Data for analysis section start

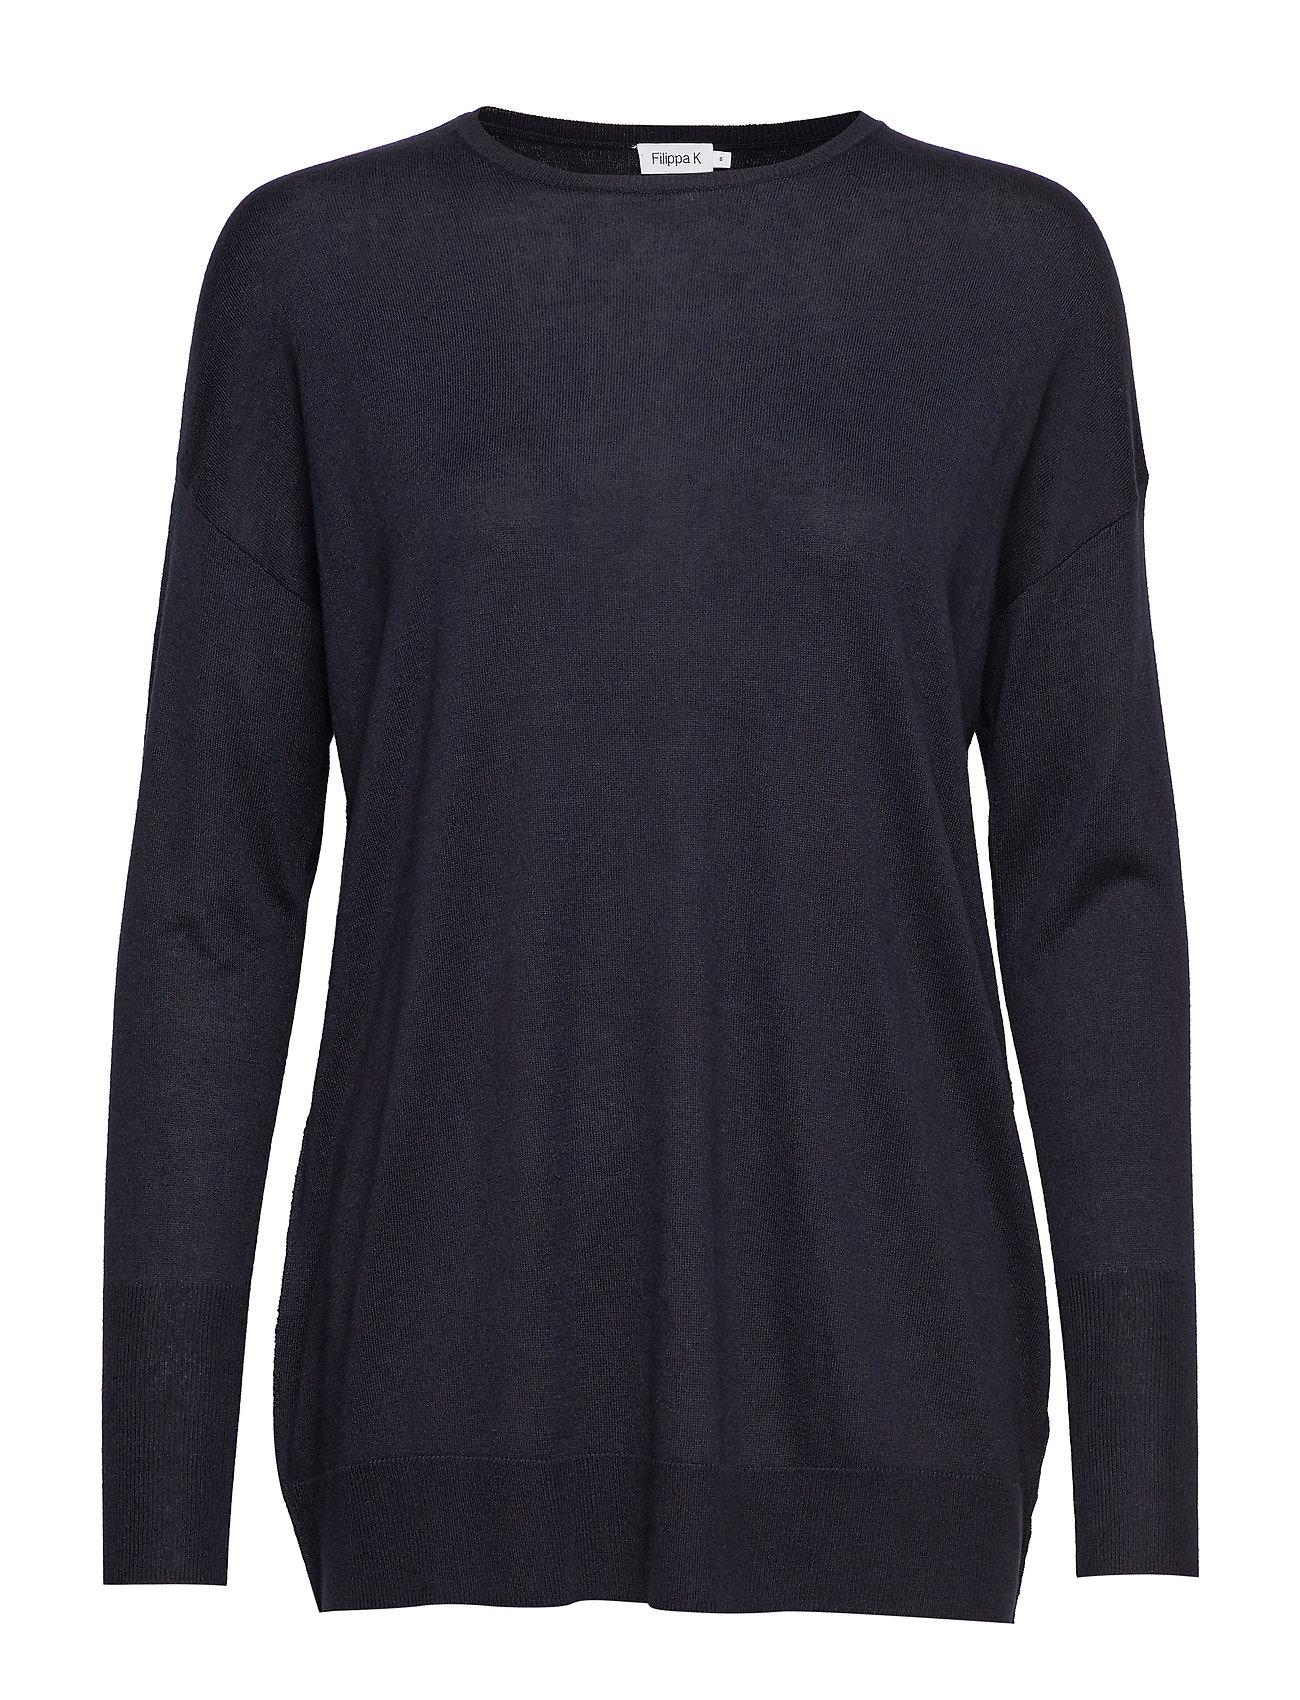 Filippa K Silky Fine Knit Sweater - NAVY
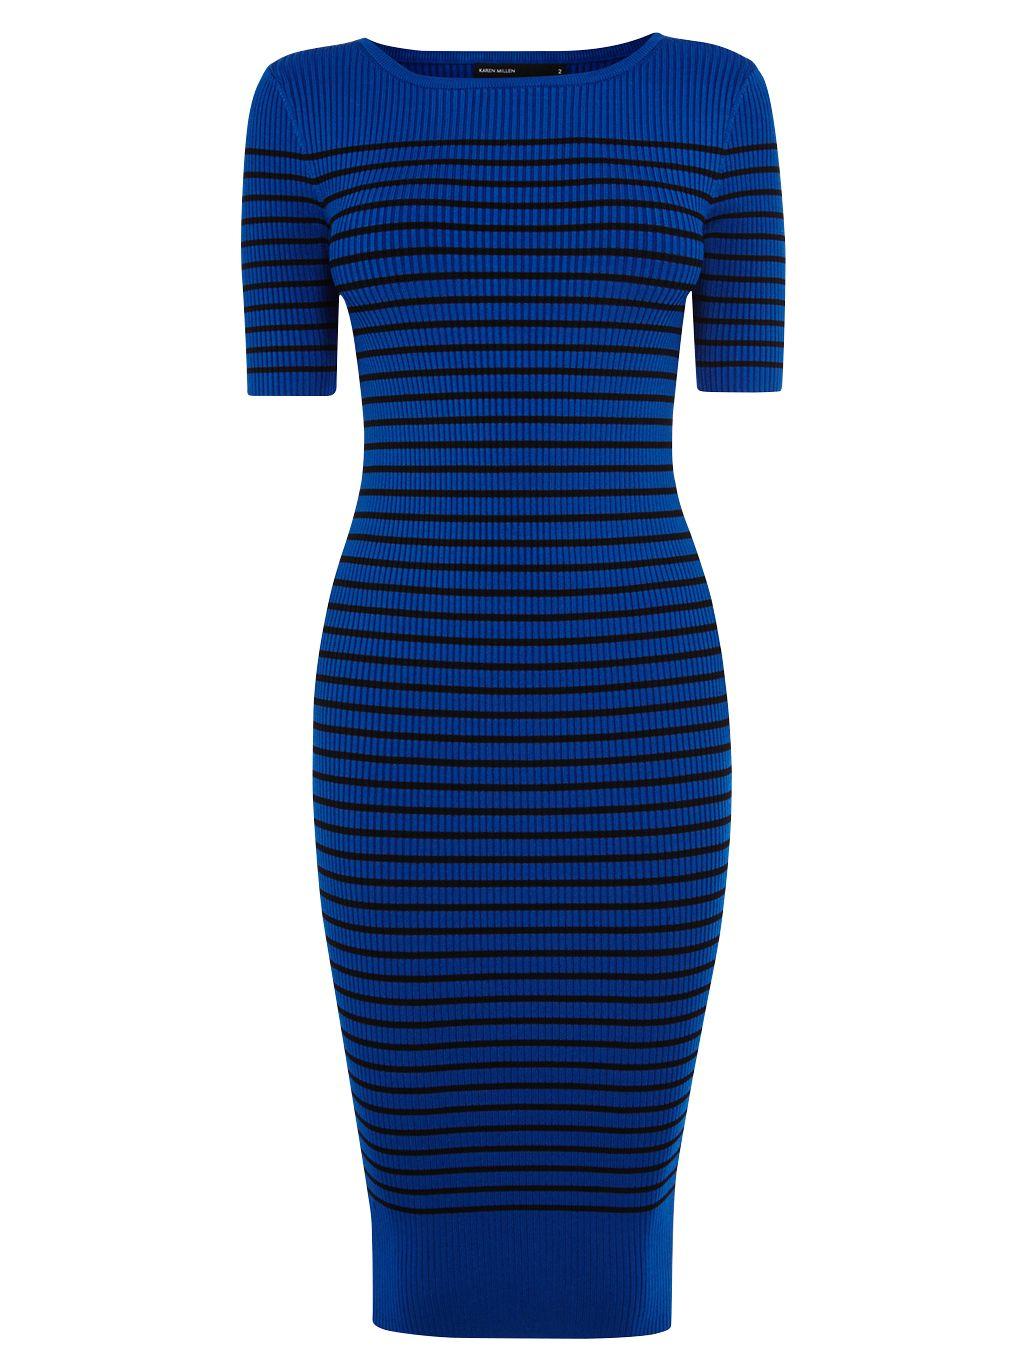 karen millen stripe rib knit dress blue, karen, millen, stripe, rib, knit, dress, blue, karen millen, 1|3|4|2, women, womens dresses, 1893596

Data for analysis section end
Data for analysis section start

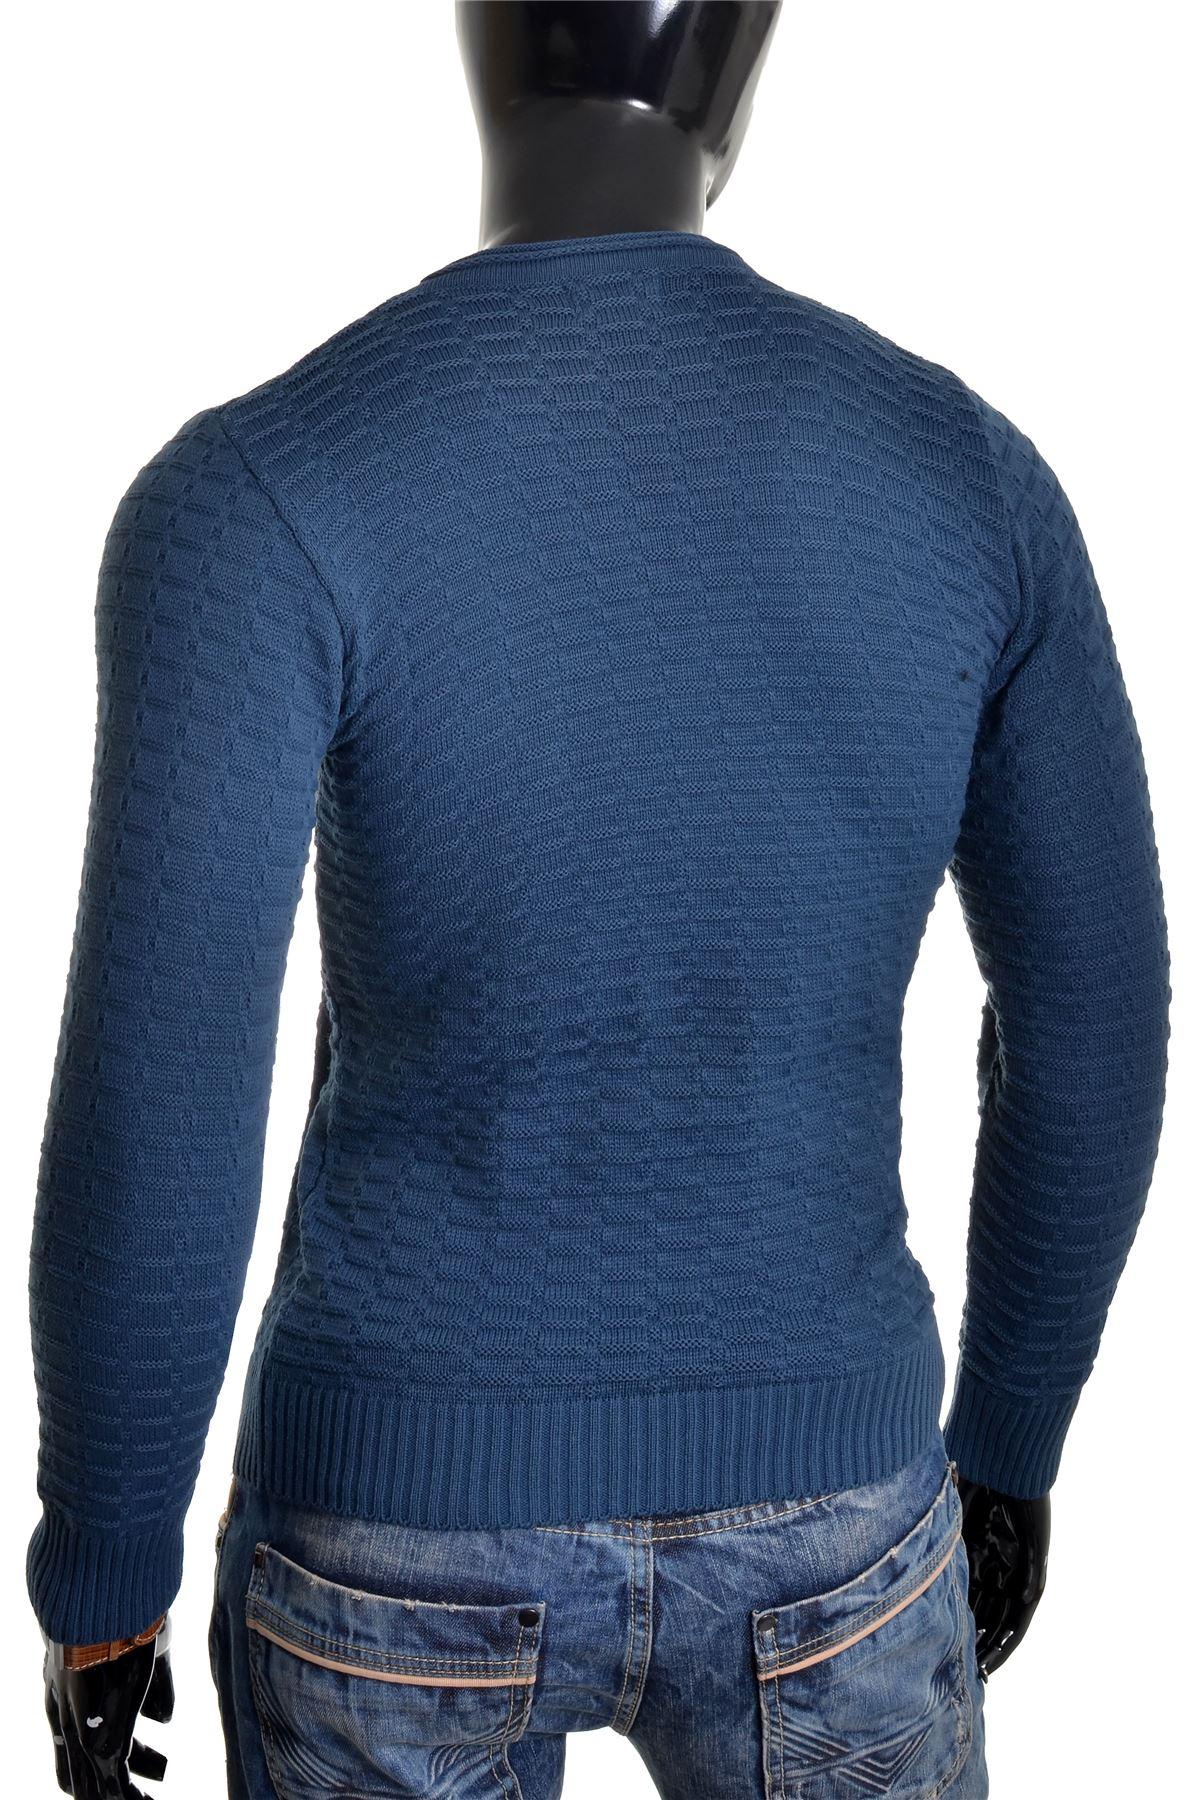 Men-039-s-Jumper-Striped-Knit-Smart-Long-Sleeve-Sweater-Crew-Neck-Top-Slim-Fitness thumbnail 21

Data for analysis section end
Data for analysis section start

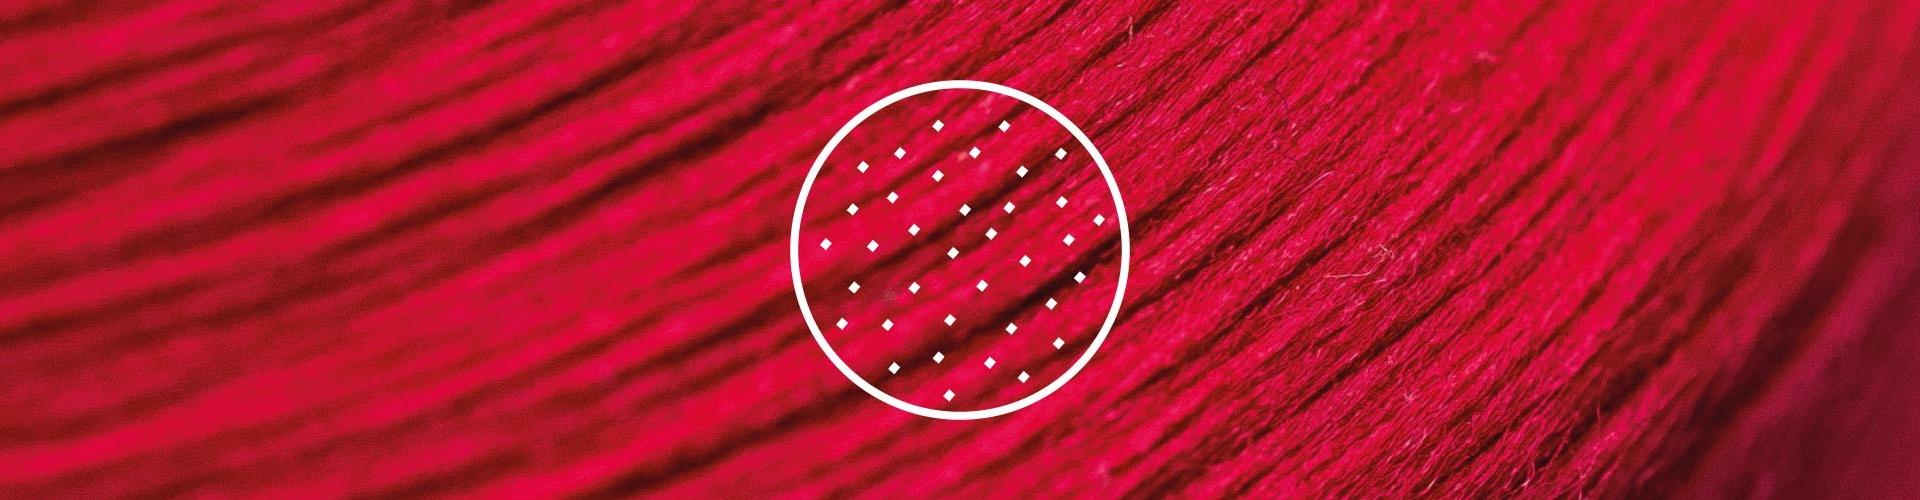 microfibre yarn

Data for analysis section end

- [Goal of the exercise]: Only one stretch of the data is wanted: write out exactly the lines from the one holding "Filippa K Silky Fine Knit Sweater - NAVY" through the one holding "karen millen stripe", both included, without the pictures.

- [Written response]:
 Filippa K Silky Fine Knit Sweater - NAVY
 karen millen stripe rib knit dress blue, karen, millen, stripe, rib, knit, dress, blue, karen millen, 1|3|4|2, women, womens dresses, 1893596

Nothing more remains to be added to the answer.